Faro was a simple game. Mac had never seen it played before because it wasn’t a mountain game. The players chose any card they liked and named it to win or lose. The banker turned the cards over by twos, into a winner pile and a loser pile. If you named the six of clubs to win, and it turned up in the winner pile, the banker paid. If it appeared in the loser pile, he took. Clearly a fifty-fifty game if the dealer was square.

The open-faced youngster was cheating. He was what they called a palmer, or hold-out man. Amazing how easy it was to spot when you looked. Skinhead had taught Mac how.

Skinhead was doing his I’m-a-beast, I’m-a-wild-mountain-man act. Mac couldn’t tell how much of it was genuine. Skinhead liked to act drunker than he was, but this time he really was drinking. Still, he must know the kid was palming. If Skinhead named the jack of diamonds, the kid could palm it and drop it on the wrong pile anytime. Dangerous game.

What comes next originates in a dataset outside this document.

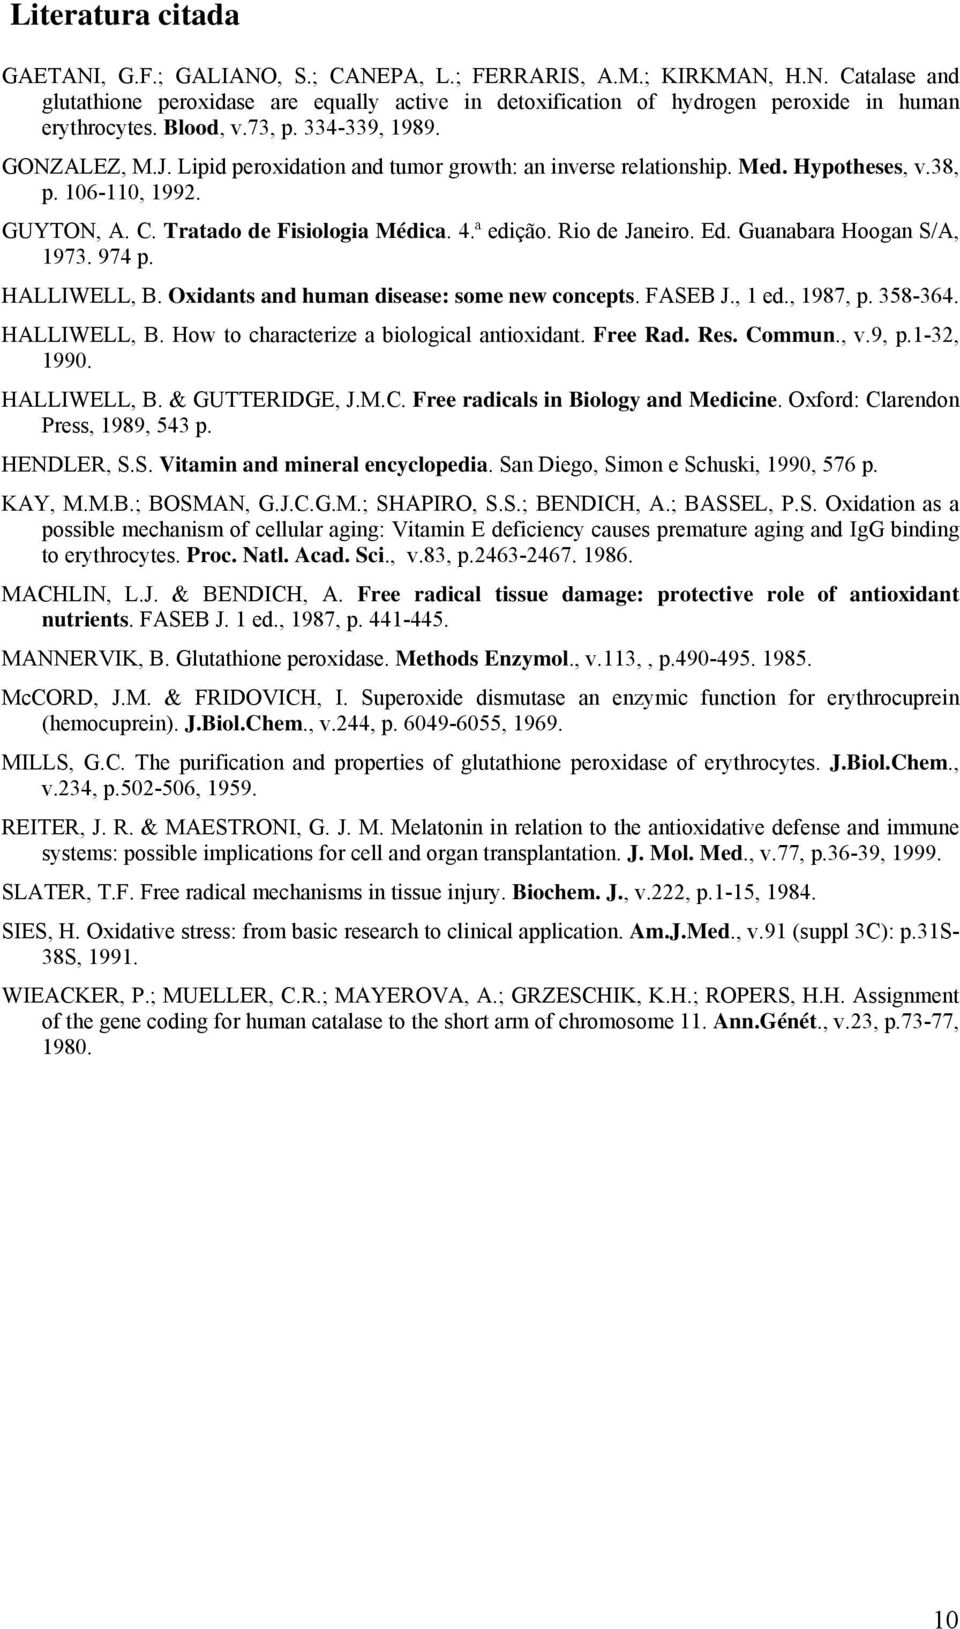 ª edição. Rio de Janeiro. Ed. Guanabara Hoogan S/A, 1973. 974 p. HALLIWELL, B. Oxidants and human disease: some new concepts. FASEB J., 1 ed., 1987, p. 358-364. HALLIWELL, B. How to characterize a biological antioxidant.

The kid dropped the schoolmaster’s queen of spades on the loser pile.

Mac wandered in and out of the game, talking to people, cultivating the owner and bartender, Jake, catching up with the news. All the talk concerned westward expansion. Men said maybe a thousand people set out from Missouri last spring, headed mostly for Oregon, some for California. A thousand! Mac could hardly credit it. The city was booming because of the emigrants, said Jake. The bartender was glad to talk, but his eyes constantly roamed the room, keeping him aware of the goings-on. Mac wondered if he knew about the hold-out man.

The hot issues, according to Jake, were western: Annex Texas! Kick the British out of Oregon! And gossip about the Indian trade was on every man’s lips. Mac picked up more bits of news in St. Louis than out in the western country itself.

The most remarkable news was that Bridger had built another trading post, this time on Blacks Fork, and not to trade with the trappers or Indians—to trade with travelers. Good country, a week or more east of the Salt Lake, right on the main road to Oregon. Meant to take care of the emigrators, Old Gabe did, those thousand.

Think of it—Gabe Bridger gone to minding a store. A child of nature, Skinhead liked to say. And not yet forty years old.

All those Americans bound for Oregon. Too much to absorb right away. A thousand people buying supplies in St. Louis. No wonder Uncle Hugh was prosperous.

Mac’s first clue was Skinhead’s insinuating voice. It sounded jovial, but Mac knew better. He was going to the outhouse, Skinhead said too casually. Something was up.